Make sure you have 240 to the unit. Do not test by reading 120 from each leg to ground or neutral. Read across both hot legs and verify the 240.


----------



## bkvanbek (Jul 25, 2010)

It is new construction, wired it myself. I have two 120 legs to the range. How can't I have 240v? How would I check?


----------



## Master of Cold (Aug 7, 2011)

You would have to read across both 120 legs with a volt meter.


----------



## rjniles (Feb 5, 2007)

bkvanbek said:


> It is new construction, wired it myself. I have two 120 legs to the range. How can't I have 240v? How would I check?


If you have 2 hots from the same leg of the panel, you will not get 240. This can happen if you do not use a 2 pole breaker or you use a 2 pole tandem in the wrong position.


----------



## bkvanbek (Jul 25, 2010)

I used a 6-3 w/ground and a 50amp two pole breaker. it is getting 240v.


----------



## hardwareman (Oct 9, 2010)

check to see if you are getting 240 v to the element


----------



## Jacques (Jul 9, 2008)

There's a thermal fuse mounted on the back of oven behind inner panel [2 red wires] that controls L2-test with ohm meter. if open- jump that out and see if oven comes on or codes out. they're real touchy and usually pop in self clean..blower has to work- properly- to keep oven chassis cool enough.....that free connector is for factory test.


----------



## bkvanbek (Jul 25, 2010)

The thermal fuse has power in each wire so it must be closed. I have not found my multi-tester yet. but a current detector beeps only at the thermal fuse, the elements are getting nothing.


----------



## rjniles (Feb 5, 2007)

bkvanbek said:


> The thermal fuse has power in each wire so it must be closed. I have not found my multi-tester yet. but a current detector beeps only at the thermal fuse, the elements are getting nothing.


Not a valid test. The fuse could be open and you are seeing voltage from both legs, one leg on each side of the fuse. You need that meter, test continuity of the fuse with the power off.


----------



## hardwareman (Oct 9, 2010)

you can not test with current tester. find a multimeter and check fuse with 1 wire unattached. while your back there do the same on the bake element


----------



## bkvanbek (Jul 25, 2010)

I found the multi-tester, not that I am great with it. But I had next to no resistance through the thermal fuse. The main heating element had about 28 ohms and the broiler about 20. I verified I have 244v going between the two legs of the plug.

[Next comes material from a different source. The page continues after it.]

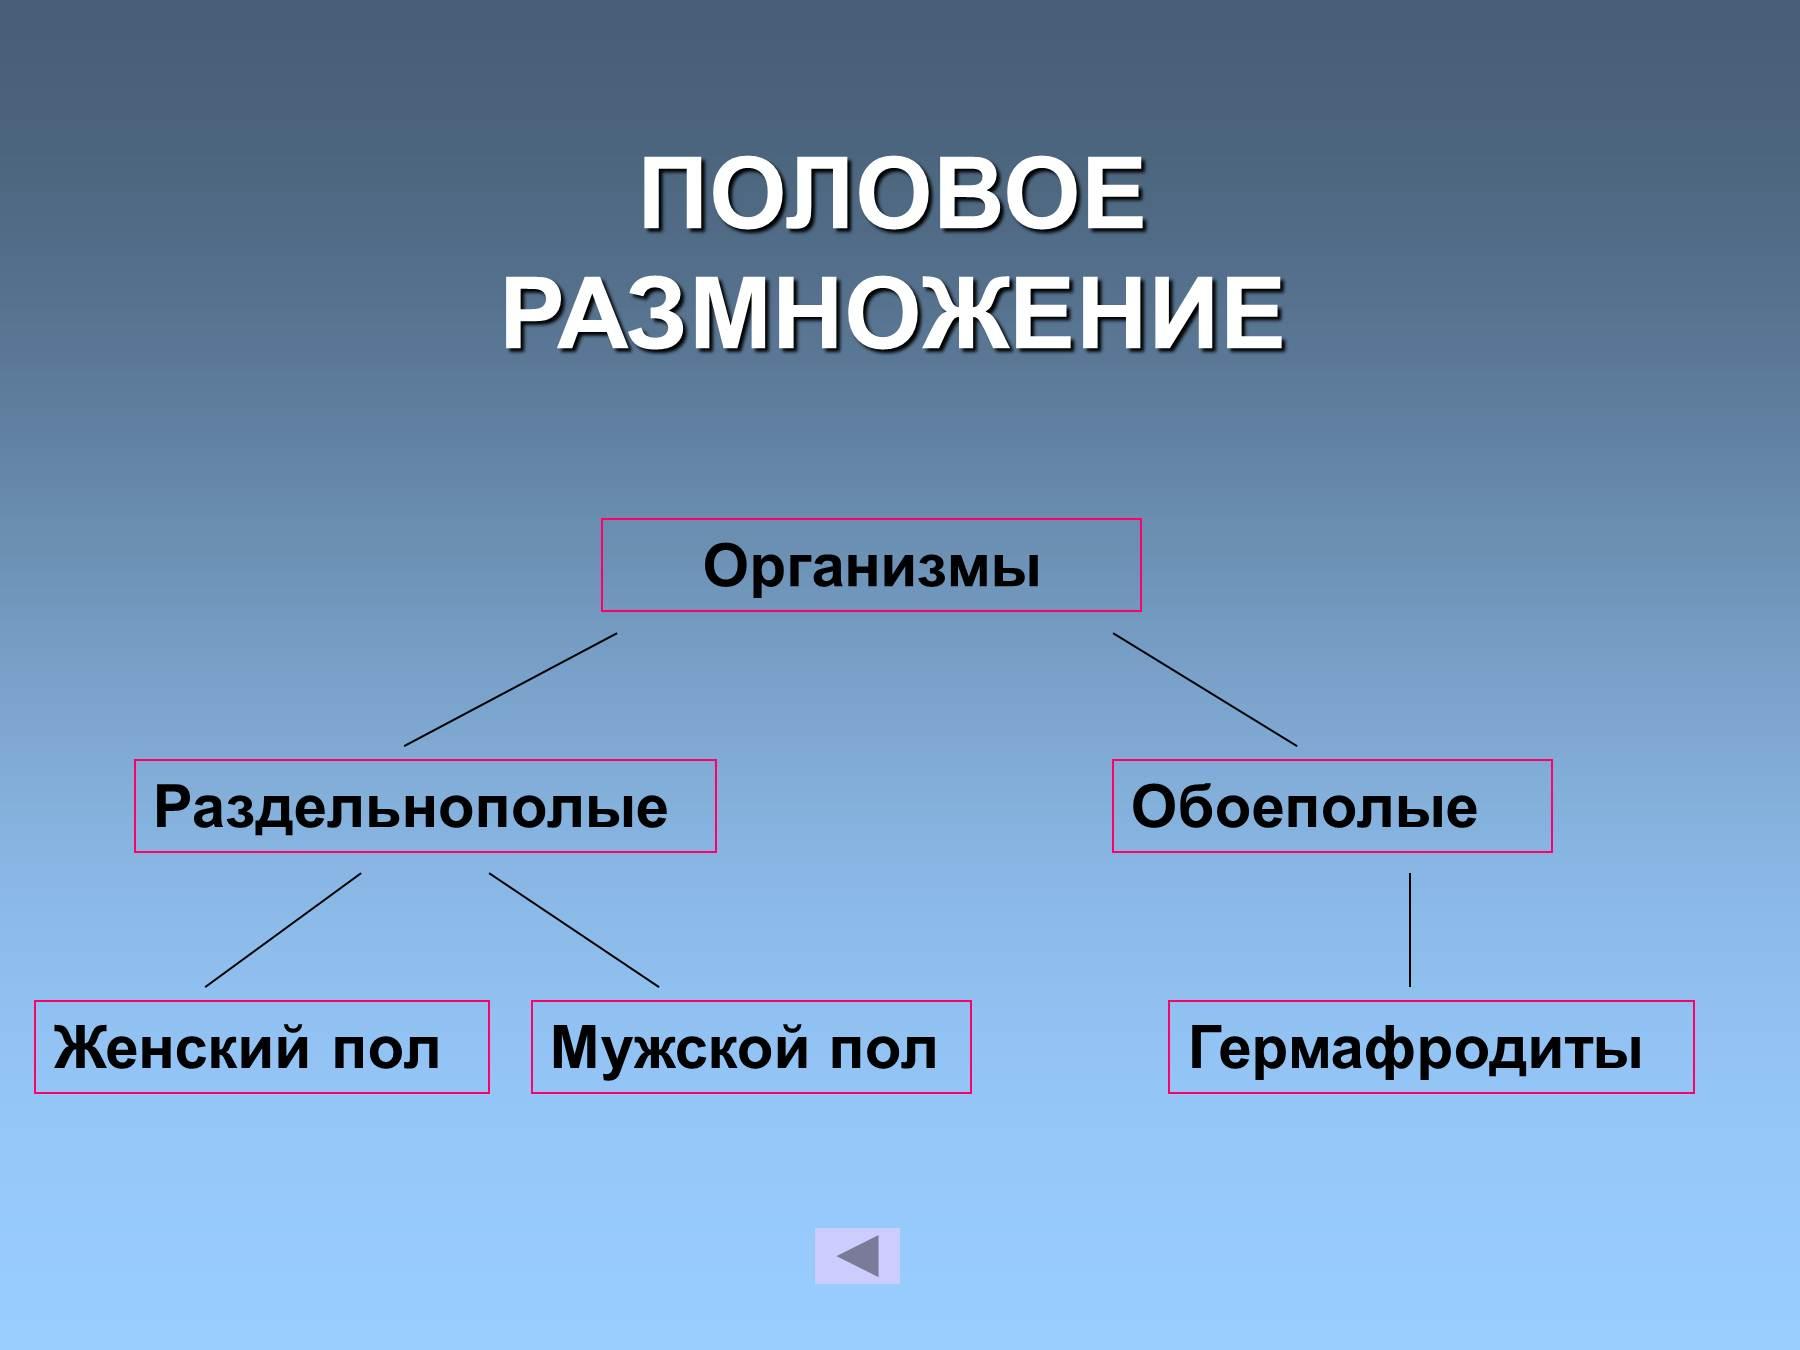 germafroditi-stroenie

Thank you very much for the help, any other ideas?


----------



## Jacques (Jul 9, 2008)

If you have 120vac to control at P4-1 n 2 and other side of line 120vac to R at control. in bake you should have 240vac at P5-3 to R. if not=bad control...


----------



## bkvanbek (Jul 25, 2010)

if I did this right, please feel free to "dumb down" explainations for me. I have 120vac to p4-1 and p4-2. I have 120vac before and after the thermal fuse and to R on the top of a relay (T9AS1D22-24), but not the other side of the relay.

Can I pull the wires of the relay to bypass it, to test it?


----------



## bkvanbek (Jul 25, 2010)

I called an appliance repairman, he came out and confirmed my suspicion that it was the main control board, $200. He put one on will-call at his supplier and I went and got it, paid $190 with the exchange of the old one. Came home plugged it in...And the oven still doesn't work, I get no voltage from the one side of the relay!

Now what?


----------



## rjniles (Feb 5, 2007)

Time to call the repairman back. I would have let him install the board and be responsible for it.


----------



## hardwareman (Oct 9, 2010)

why would you call a repairman,pay a service charge and not let him finish the job?


----------